I´ll paint it on the walls
Ma déception devant mon reflet, l´exceptionnelle dégoût que j´éprouve devant mon oeuvre, la faiblesse de mon âme qui navigue entre le bien et le mal...

cause I´m the one at fault
Celui qui a failli, celui qui avait une mission, et qui a échoué... Au plus profond de mon être, je sens cette erreur qui me ronge, qui m´invite à gravir la tour de la vérité... si haute...

I´ll never fight again
Juste quelques morts, pour arrêter ce massacre... Peu importe les raisons, le bien ou le mal, peu importe les ordres, les motivations et la vérité,... Juste cette délivrance, cette balle qui saute de sa gaine...

and this is how it ends
Par ma mort, je protège le monde de ma propre haine...

...

Epitaph
Epitaph
Niveau 10
25 janvier 2008 à 19:33:00

Bonsoir, j'ai un truc que je voudrais soumettre à avis, mais j'avais pas envie de créer un topic juste pour ça. Donc voilà, c'est un passage d'Entropia, relativement court. Merci d'avance.

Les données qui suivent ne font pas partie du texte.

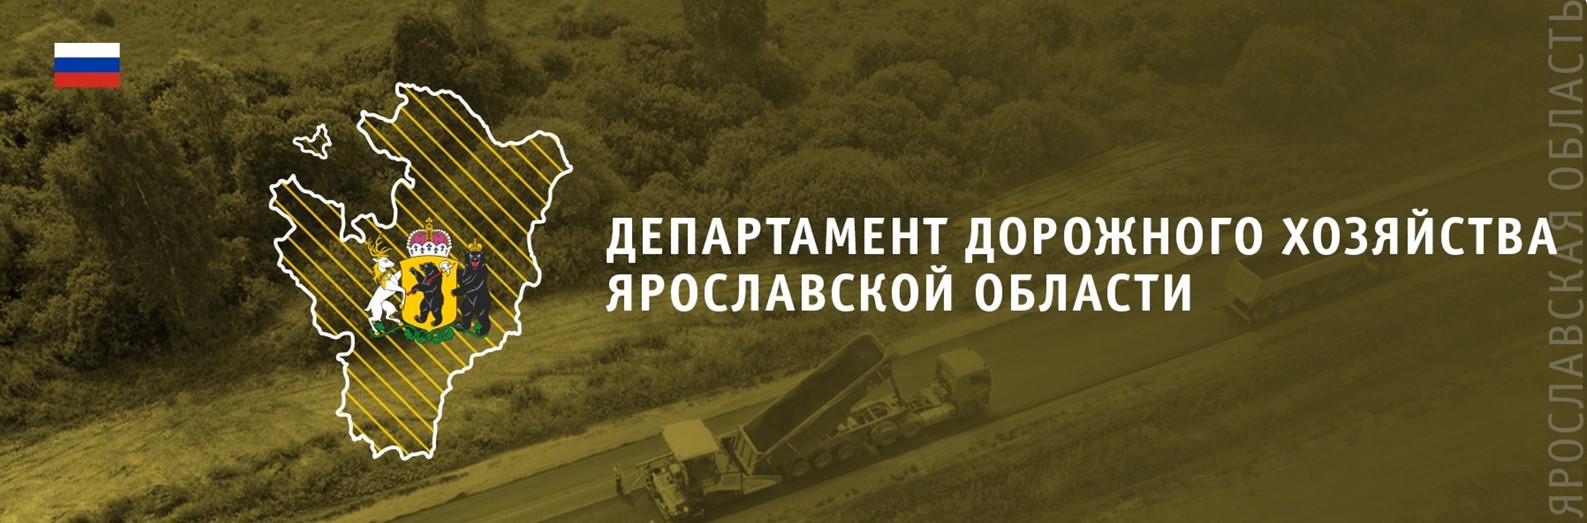 Департамент дорожного хозяйства ярославской области официальный сайт

Je le sais maintenant, l’enfer n’est pas pavé de bonnes intentions ; il est pavé de poèmes et proverbes, de répliques et ritournelles, de dialogues et digressions. Ses murs sont recouverts d’anagrammes en une étreinte d’éternité et d’anaphores ; elles soulignent des métaphores à la façon d’un jet de sang, qui emphase la succession de lettres tordues et vicieuses. Sur ses colonnes s’élèvent au plus haut des profondeurs oxymores et pléonasmes redondants. Ses arches sont gravées de zeugmas qui font leur office et nos malheurs, de néologismes tapuscrits et d’images, qui nous sautent au visage tels des monstres acérés, nous mordant de leurs cédilles et nous griffant de leurs trémas.
Sur ses stèles instables stagnent des allitérations, stalagtant en staccato stance, ni statique ni stationnaire, pas plus statu quo que statutaire. Des âmes damnées lancent cris et palindromes ; engage ce jeu que je le gagne ! Et de leurs syllepses cornéliennes, percent le cœur qu’elles n’ont pu toucher. Des vagues de souffrance personnifiées avancent en tremblant vers nous, affamés, leurs mains nous implorant en une prosopopée insupportable. En une métonymie et une synecdoque terrifiantes, c’est l’enfer qui se lève d’une seule âme et nous saisit d’un milliard de serres. Leur tristesse paradoxale ne les empêche pas de nous fouiller jusqu’au cœur et au-delà, de nous mettre à nu et, en une anacoluthe suintant des murs, je suis, ils me traînent vers le cœur du charnier.
Là brûlent dans les flammes des écrivains ardents, qui jamais plus ne feront d’hypallage. Malgré que leurs langues aient été arrachées, ils hurlent des solécisme qui leur sortent de l’estomac pour se perdre dans la fumée et les vers qui tapissent le ciel de cendres.
C’est cela le cœur de l’enfer ; une fosse de souffrance brute, un abysse de douleur primitive, un tombeau d’affliction barbare, une conglobation. Et au centre du cœur sont torturés sans relâche, de la plus horrible des manières, des millier et des milliers d’écrivains, pantins au service d’une force supérieure qui, le temps d’une vie, crurent pouvoir égaler un pouvoir ô combien hors de leur portée.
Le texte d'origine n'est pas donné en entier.